A autora citada chega a uma definição de currículo que desvela o significado de algo que está faltando para a educação dos surdos: entender quem é este “alguém que precisa ser modificado”. Diante deste foco, é preciso compreender e, perguntar: Será que a Política Nacional de Educação Especial na Perspectiva da Educação Inclusiva (BRASIL, 2008) está sabendo entender quem é esse alguém? Isto é básico para que se possa legislar com justiça.

A autora Lopes (2006), comentando este tipo de escola que se tem atualmente, diz:

Educar, orientar, limpar o indesejável do corpo dos indivíduos, discipliná-los, vigiá-los e controlá-los passam a ser condições necessárias para o funcionamento de uma maquinaria disciplinar competitiva e excludente. Maquinaria que funciona operando com diferentes estratégias que delimitam espaços e caminhos que cada grupo em seu momento histórico imagina ser possível de trilhar com uma boa dose de práticas e de pedagogias (LOPES, 2006, p.34).

Ao se ter contato com a comunidade surda, percebe-se que os surdos preferem professores surdos nas suas práticas e pedagogias, mas isto não significa atrelar a questão da educação à “deficiência auditiva”, no sentido restrito, biológico. Antes significa considerar a especificidade da surdez, suas experiências visuais, seus artefatos culturais, sua língua e seus modos próprios de existir. Os surdos definem a si mesmos, de forma cultural e lingüística – esta é a ênfase que eles dão. No entanto, a escola insiste em colocá-los, ou misturá-los entre os ouvintes (como que para disfarçar ou negar a surdez), ou com professores ouvintes não-bilíngues – num atentado contra as mais recentes visões da ciência, da antropologia e da pedagogia (STROBEL, 2008).

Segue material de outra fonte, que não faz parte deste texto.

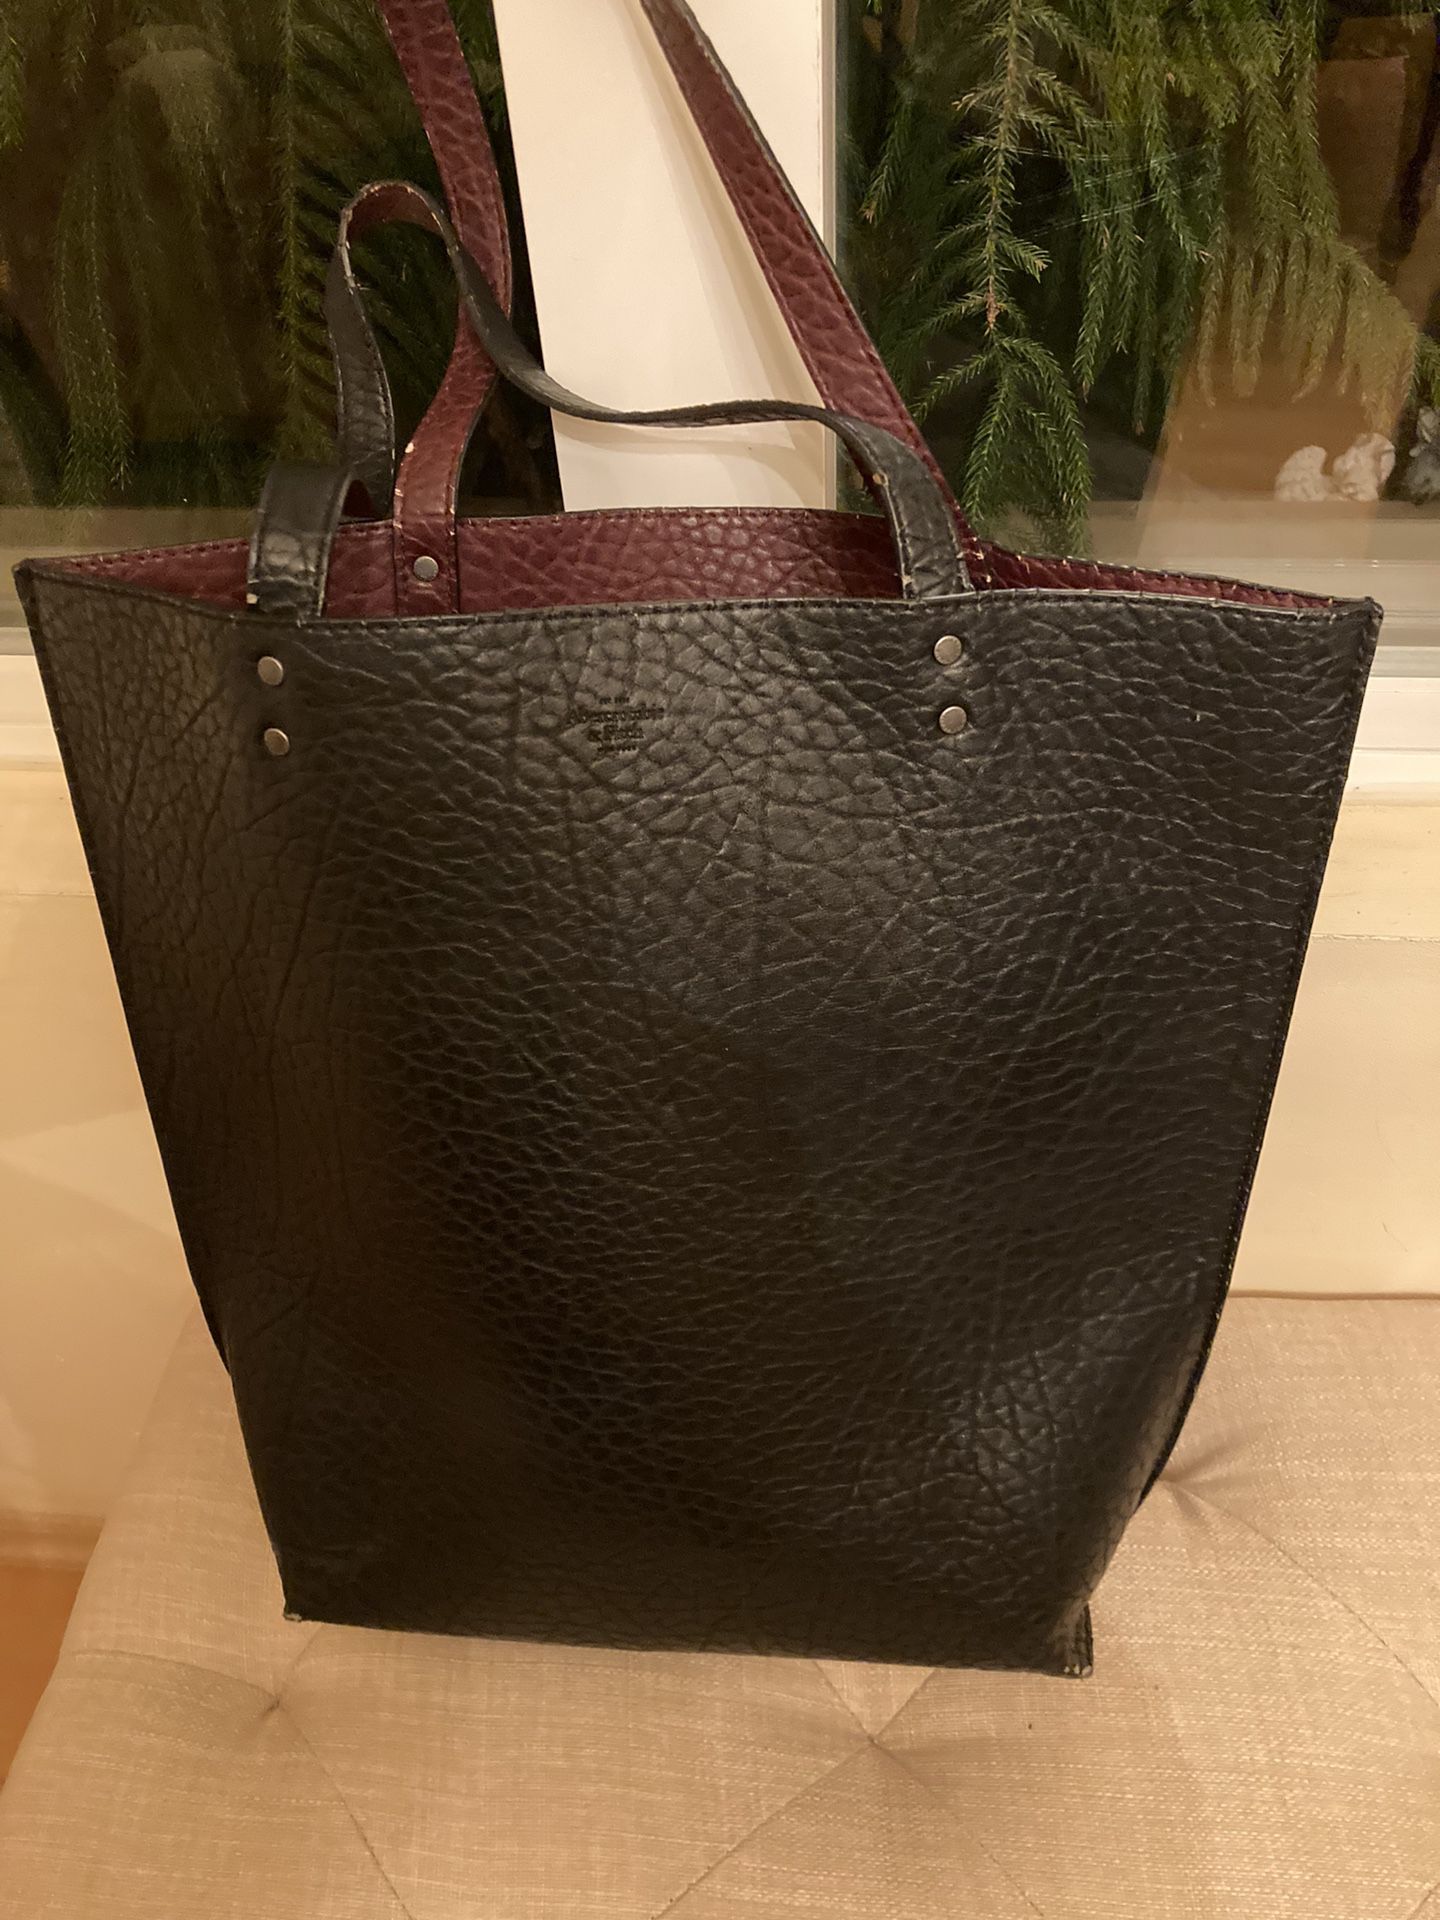 Abercrombie, leather handbag

Considerando que é possível criar ambientes lingüísticos naturais para a aquisição precoce da língua de sinais e para o aprendizado sem barreiras lingüísticas, e que a cultura surda é um eixo importante para qualquer trabalho educacional com surdos, este trabalho procurará detectar barreiras conceituais ou argumentos favoráveis, que porventura existam dentre os surdos e entre os profissionais da área da surdez, nesses tempos pós-Política Nacional de Educação Especial na Perspectiva da Educação Inclusiva (BRASIL, 2008), para que a escola mais adequada para este grupo lingüístico e cultural se estabeleça no Brasil, revertendo o quadro histórico de insucessos e frustrações.